Software regulation is not about jail terms or making people pay fines for writing malware, viruses and the like. It's about tightening the reigns on how applications are written. Microsoft needs to make it more difficult to have an application startup automatically with Windows. We are all extremely tired of every single software manufacturer deciding that their software is important to load with Windows. Microsoft should implement registration system that will require software developers to register with in order to create an entry in the Windows registry. Of course it will be hacked no matter how good the encryption methods, but at least normal software developers will be unable to start their crapware automatically.

[qmuser]

No Regulation, but certification & comparison

I don't feel that government regulation would greatly improve software, although it would push the price up significantly. Government regulations tend to adapt to markets over the course of decades, where as software can change drastically in year.
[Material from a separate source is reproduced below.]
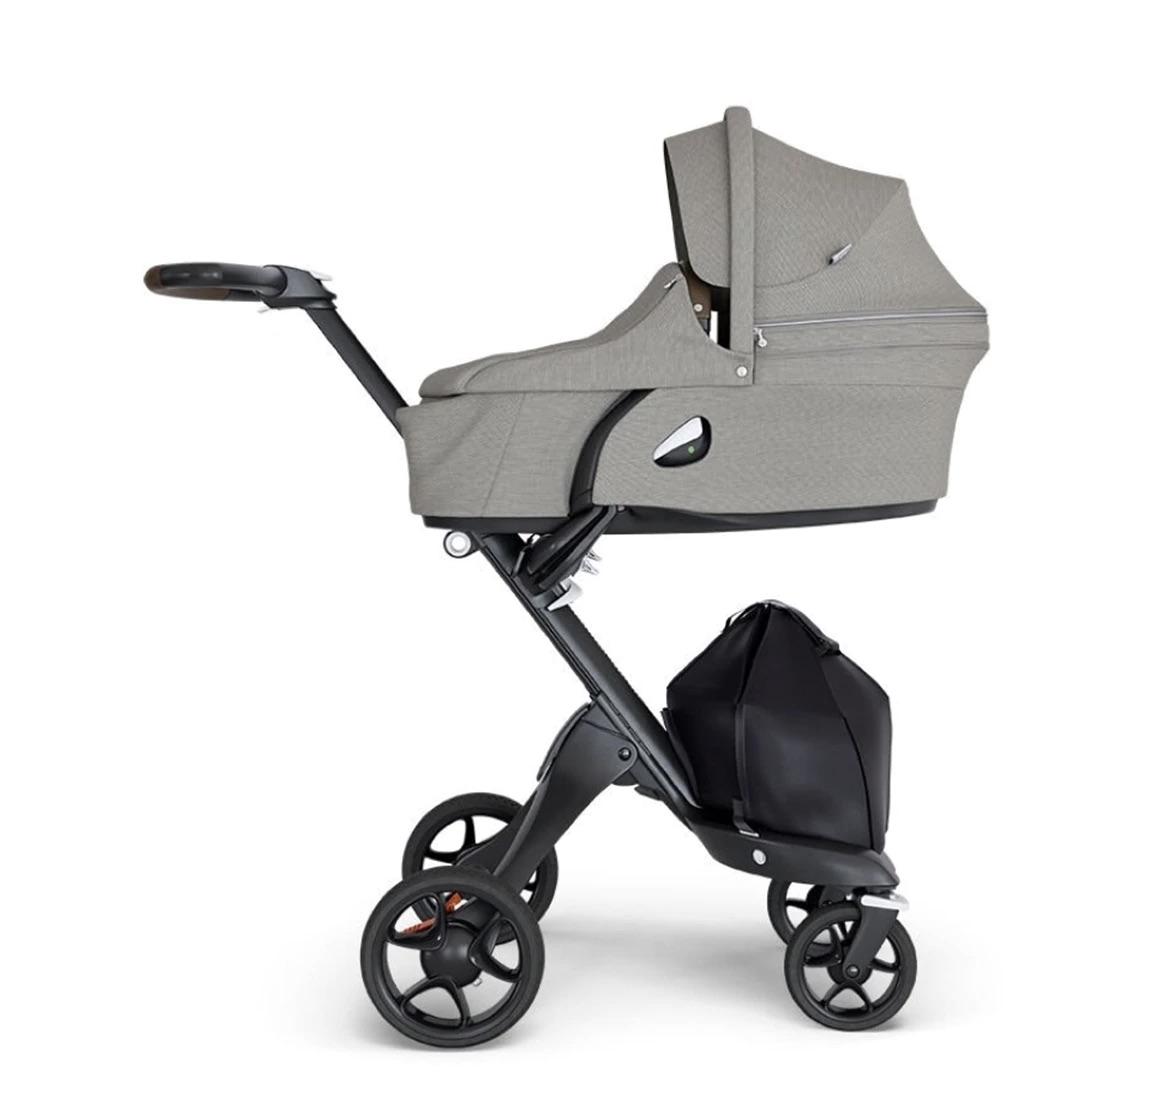 STOKKE Silla de paseo Stokke ® Xplory 6 gris satinado

Also, software isn't a one size fits all product. How would you write a regulation that was equally sensible for a financial program, and a video game, and a quantum chemistry code, and a hardware device driver, and an air traffic control system, and a compiler, etc., etc....?
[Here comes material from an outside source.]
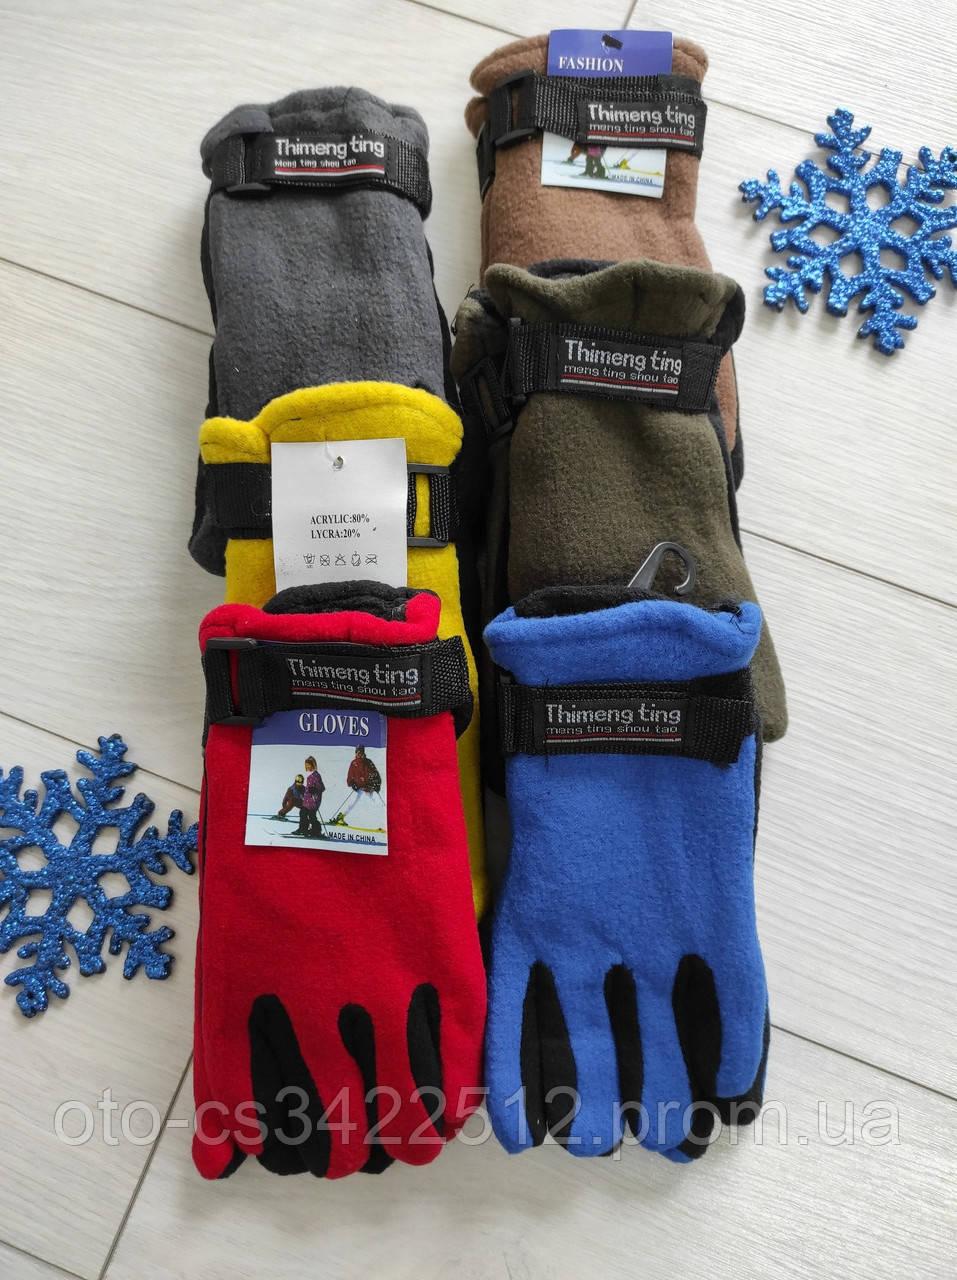 Рукавиці дитячі Fashion Gloves

I am in favor of third party validation. You could have the Consumer Reports style rating for security or number/significance of bugs. You could have a ISO or 6 sigma style certification of software, testing practices, software developers, etc. Some of this exists in a sporadic case by case basis, but I think there is room for some organization to become the source that the majority of the industry looks to before making purchases.

One thing I greatly dislike. In my own industry (computational chemistry) I know of companies that have wording in the software license agreement forbidding the purchaser from publishing any type of comparison between their product and competing products. I'm not sure if this is even an enforceable clause (freedom of speach?). However, I feel that it is harmful to the consumers, the industry, and the software manufacturers themselves. If this is legal, I would like to see it made illegal. The software manufacturer is still protected from undeserved harmful reviews by libel and slander laws, so there should be no reason for them to object.

Businesses need to quit paying for bad software.

Buz Friendly had it partially right. Additionally, businesses need to quit accepting and paying for products that do not work properly. That is what a market based society is all about. As long as businesses continue to pay for indequate software they will get what they pay for.